Trade unions in Armenia
- National organization(s): CTUA
- Primary legislation: Article 28 of the Armenian Constitution

International Labour Organization
- Armenia is a member of the ILO

Convention ratification
- Freedom of Association: 2 January 2006
- Right to Organise: 12 November 2003

= Trade unions in Armenia =

Trade unions in Armenia are afforded the right to organize by the Constitution of Armenia. Armenian workers in most sectors have the right to form and join labor unions and the right to strike is enshrined in Armenia’s constitution.

==History==
In Armenia, the first trade unions were formed between 1905-1907 in Yerevan, Alexandropol, Kars, and Alaverdi. In 1905, the trade union of home-workers was formed in Yerevan.
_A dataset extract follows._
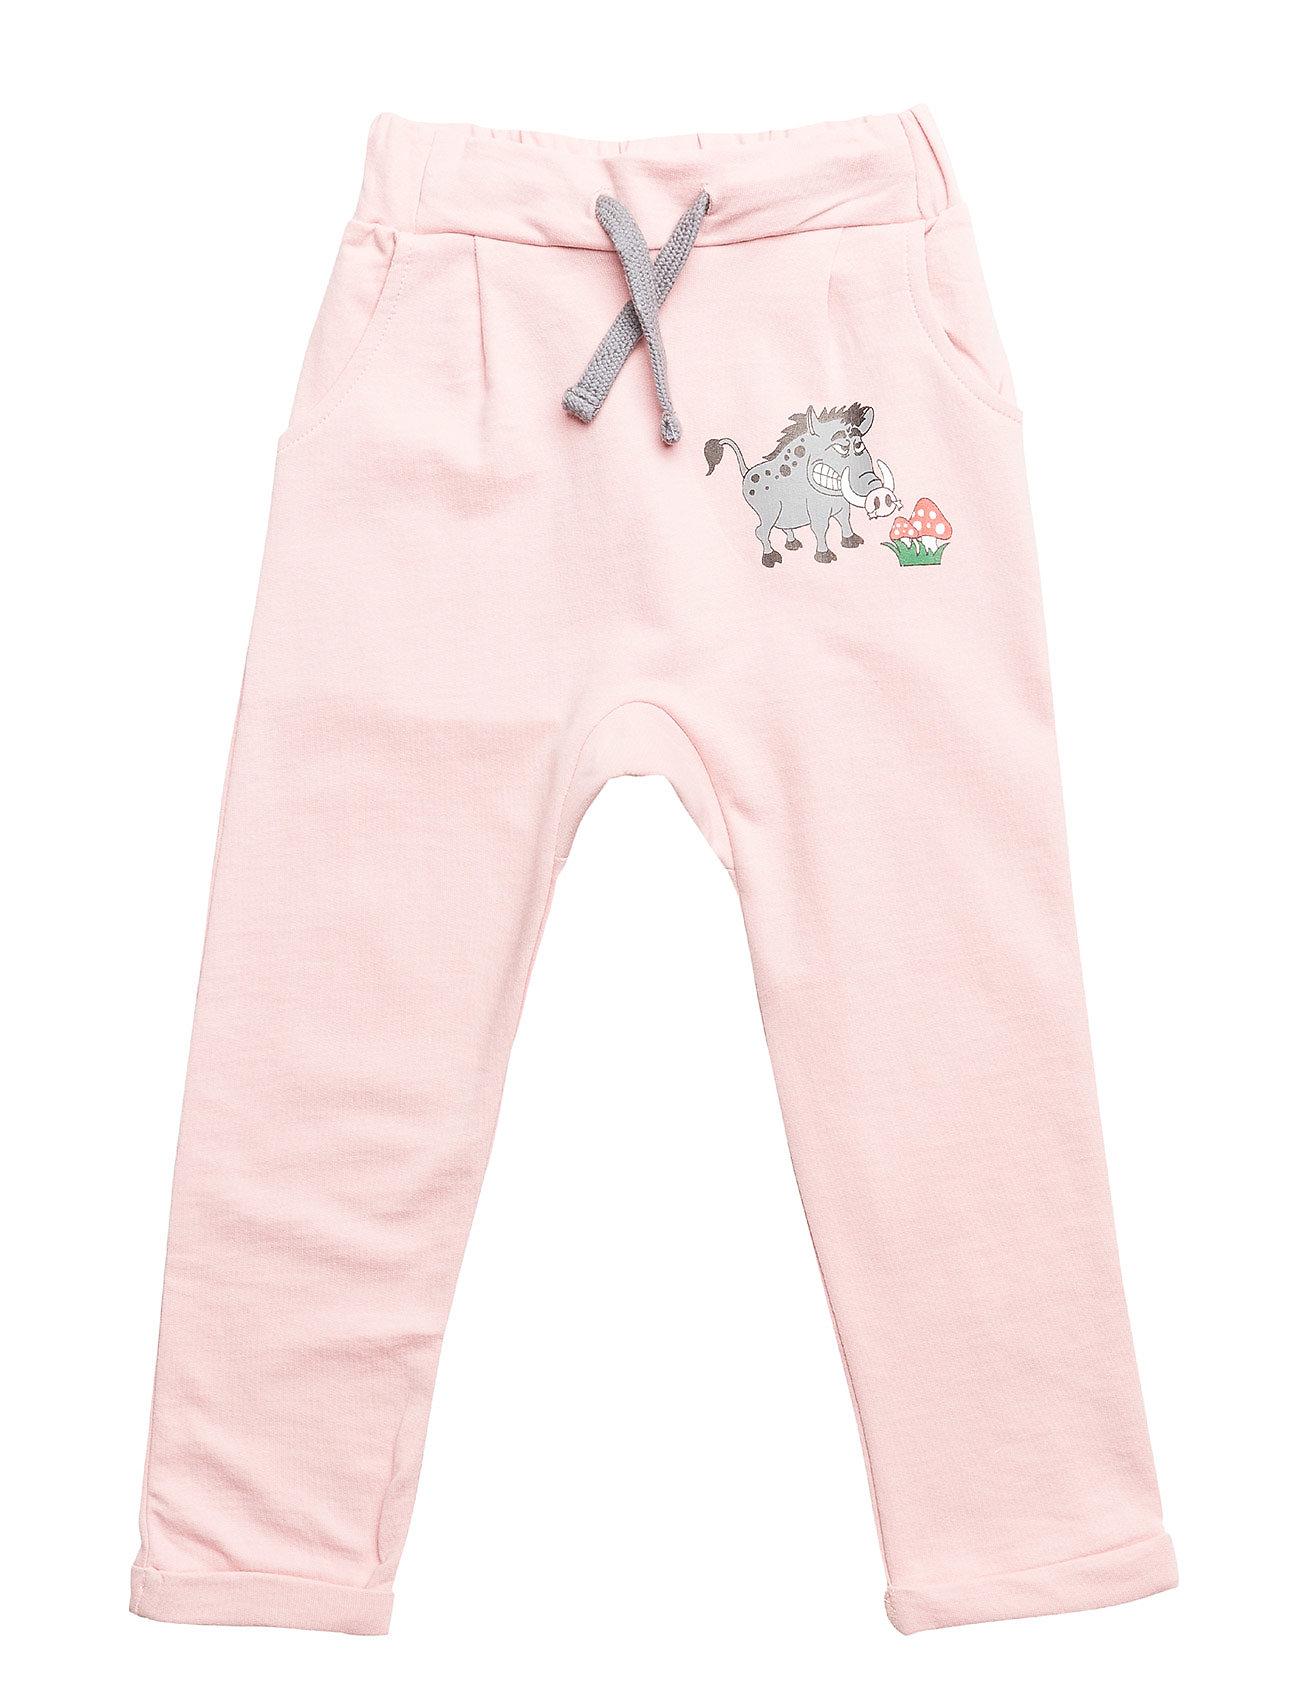 Sweatpants Vildsvinet Pink 1750 Tao Friends Booztcom

In 1906, the trade unions of the tanner-workers (Yerevan), the rail-way workers (Alexandropol, Kars), the miners (Alaverdi), the typists, the bakers, and the post-office workers (Yerevan) were formed. In Armenia, the concept of organized trade unions began to be spread on a mass scale in 1921.
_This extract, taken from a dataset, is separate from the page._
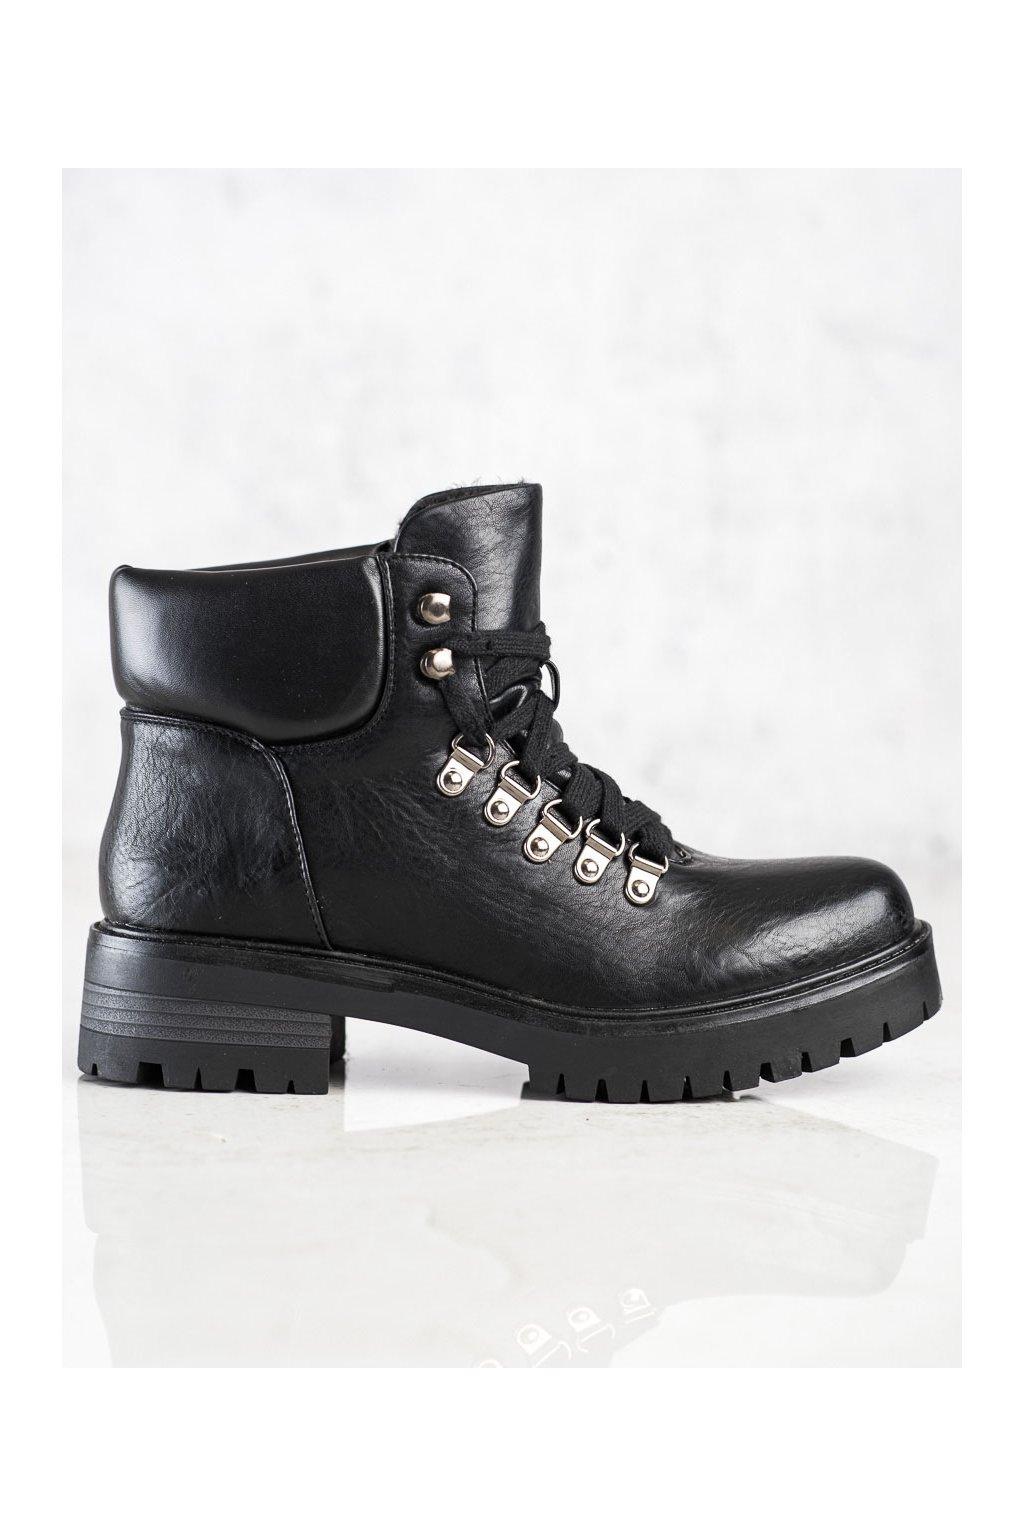 Čierne dámske topánky Ideal shoes kod TX-1833B

On 6 February 1921, in Yerevan, at the first Conference, the Council of trade unions of Armenia was formed and G.Azatyan was elected the first secretary, G.Anesoglyan was elected secretary. In the summer of 1921, provincial trade union bureaus were formed in Alexandropol, Bayazet, Dilizhan, Karaklis, and in Yerevan. In 1921, 16 000 industrial and office workers were affiliated in the trade unions.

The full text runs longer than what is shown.